O Acontecimento, filme que ganhou o Leão de Ouro em 2021, estreia hoje nos cinemas brasileiros. Baseado no romance biográfico de Annie Ernaux, o longa conta a história de Anne, uma jovem francesa que fica grávida e decide que não quer ter o bebê, em uma época que o aborto ainda era ilegal na França. Rompendo com o silêncio de um tema tabu, o filme possui a capacidade de expressar muito bem como a gravidez indesejada e o aborto são coisas dolorosas que muitas mulheres acabam passando em segredo. De forma corajosa, a diretora do filme, Audrey Diwan, expõe uma experiência que foi silenciada ao longo dos séculos pelo patriarcado.

A diretora do filme, Audrey Diwan, que se tornou a quarta mulher na história a vencer o maior prêmio do Festival de Veneza, consegue transmitir ao público todas as angústias de viver em um país que nega a autonomia ao corpo de pessoas com útero. O formato de tela 4:3 comprimem a agonia da protagonista. A câmera está sempre próxima ao seu rosto. A trilha sonora é pontual. Pode-se dizer que O Acontecimento é um filme violento, mas aqui a violência é produto de uma política do Estado que controla o corpo e a sexualidade das pessoas com útero. Além do aborto ilegal apresentar um risco de vida, a personagem ainda pode ser presa. Os médicos – homens – negam ajuda à Anne. O pai da criança não se responsabiliza por nada. O professor da universidade cobra que a protagonista tenha o mesmo rendimento que sempre teve, como se a vida psíquica não afetasse a produtividade da estudante que sofre em segredo.

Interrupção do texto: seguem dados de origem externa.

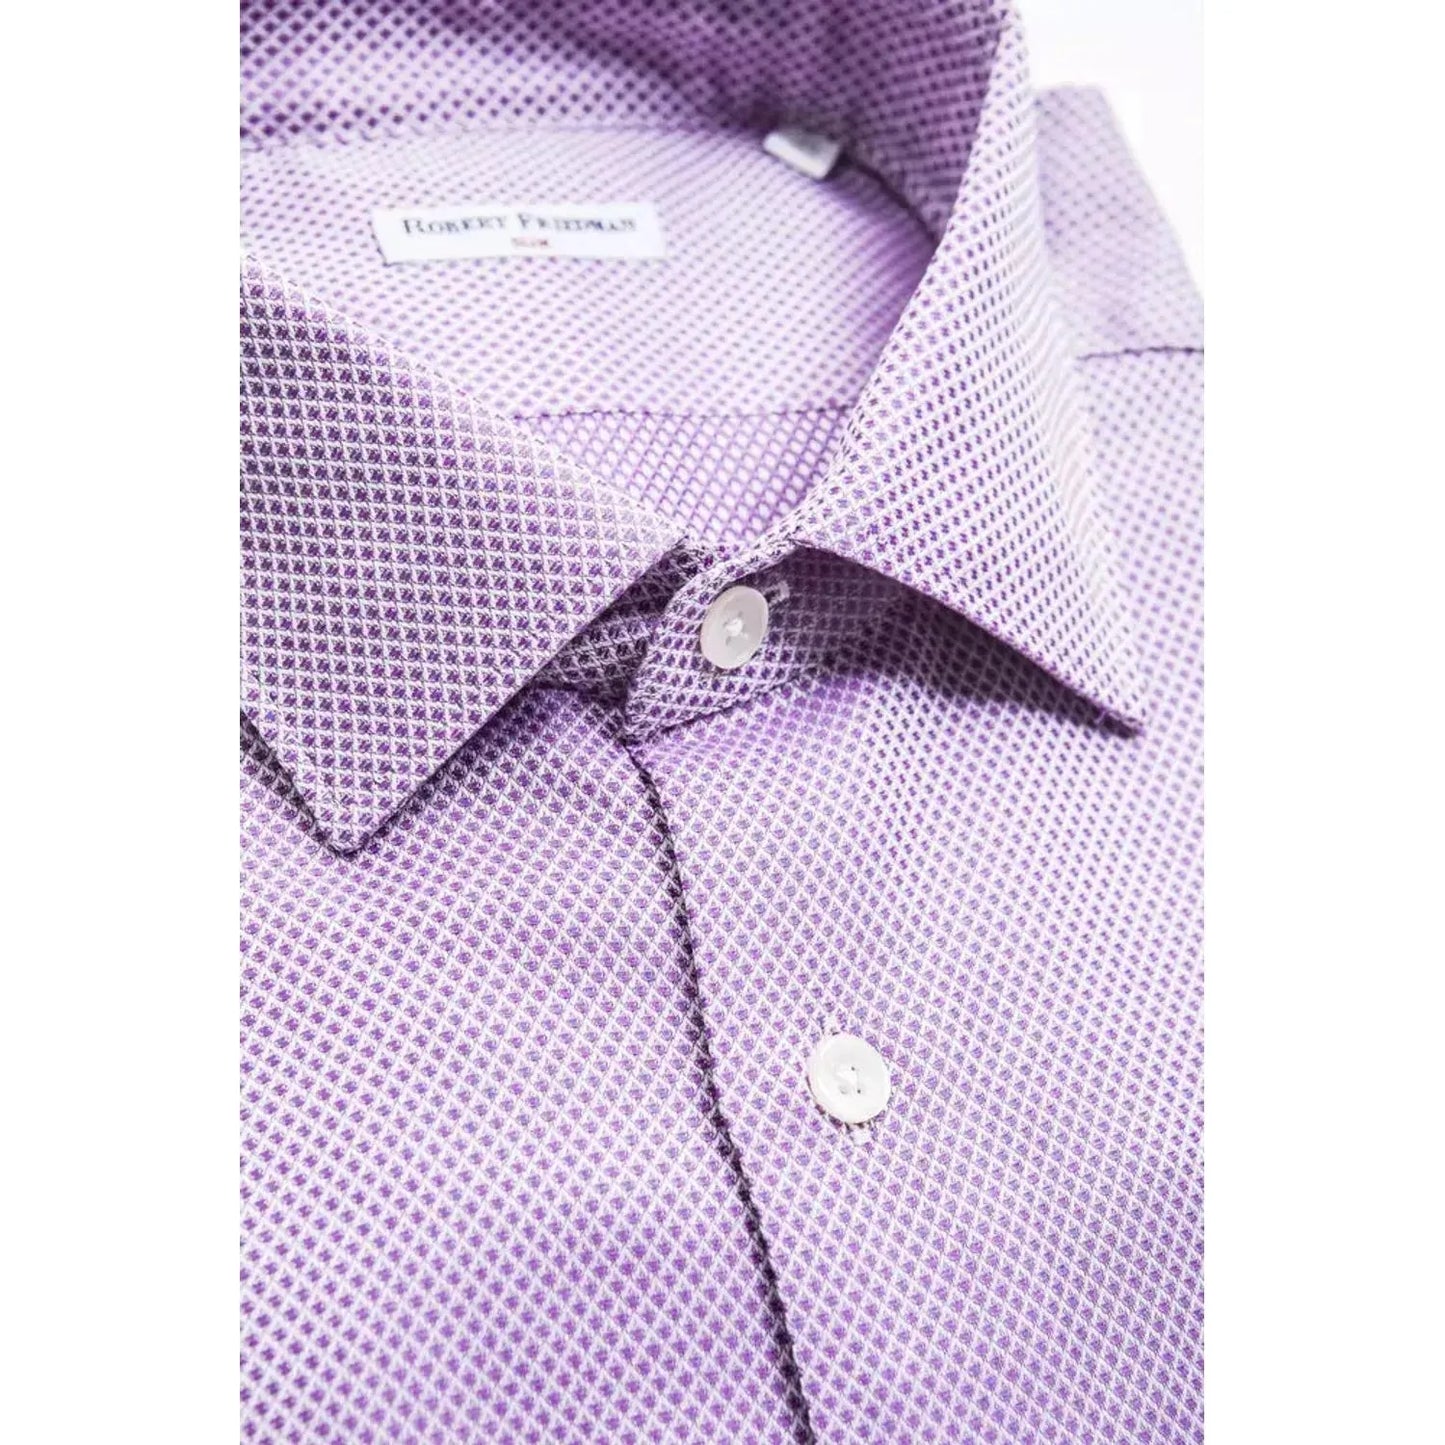 Robert Friedman Elegant Slim Collar Cotton Shirt pink-cotton-shirt-5 stock_product_image_20393_235020364-17-5a402506-b26.webp

Além da dificuldade em tentar realizar o procedimento de forma ilegal e insegura, parte do sofrimento de Anne vem do fato de que ela não pode falar sobre sua experiência com mais ninguém. Suas amigas, mesmo aquelas que falam de sexo abertamente, se recusam a apoiá-la com medo de serem cúmplices de um crime. É uma experiência solitária. Contudo, quem passa o contato de uma aborteira para a personagem é uma mulher desconhecida, o que é interessante para pensar a importância dos feminismos como lutas coletivas. Assim como em outros filmes que apresentam interrupções de gravidez, como Nunca, Raramente, Às Vezes, Sempre (2020) ou Retrato de Uma Jovem em Chamas (2019), em O Acontecimento são as mulheres que ajudam umas às outras. Outro fato interessante é que o filme francês não apresenta uma visão moralista da sexualidade. Apesar da gravidez indesejada, Anne ainda é um ser sexual. A protagonista está em dilemas constantes envolvendo seus desejos e as pressões morais, mas tem a coragem de bancar suas vontades. Ela quer ser livre sexualmente, quer ter a liberdade para escolher a maternidade e quer poder escolher sua carreira profissional.

Concluindo, a direção de Diwan consegue fazer com que o público, de forma visceral, consiga sentir as angústias de Anne. Grande parte da jornada de sofrimento da protagonista acontece pelo fato do aborto ser ilegal na época. Além dos tabus que cercam a maternidade, a legalização do aborto é uma questão de saúde pública e de política criminal. O filme pode ser útil para trazer à tona narrativas e principalmente, as sensações que uma gravidez indesejada provoca. Recentemente no Brasil, dois casos de pessoas que foram estupradas e engravidaram sem o desejo de serem mães repercutiram publicamente. Além disso, os Estados Unidos debatem a proibição do aborto, que é legalizado no país desde os anos 1970. As discussões sobre os diretos reprodutivos estão em alta e, por este motivo, é mais que necessário passar pela dura experiência de assistir O Acontecimento nos cinemas.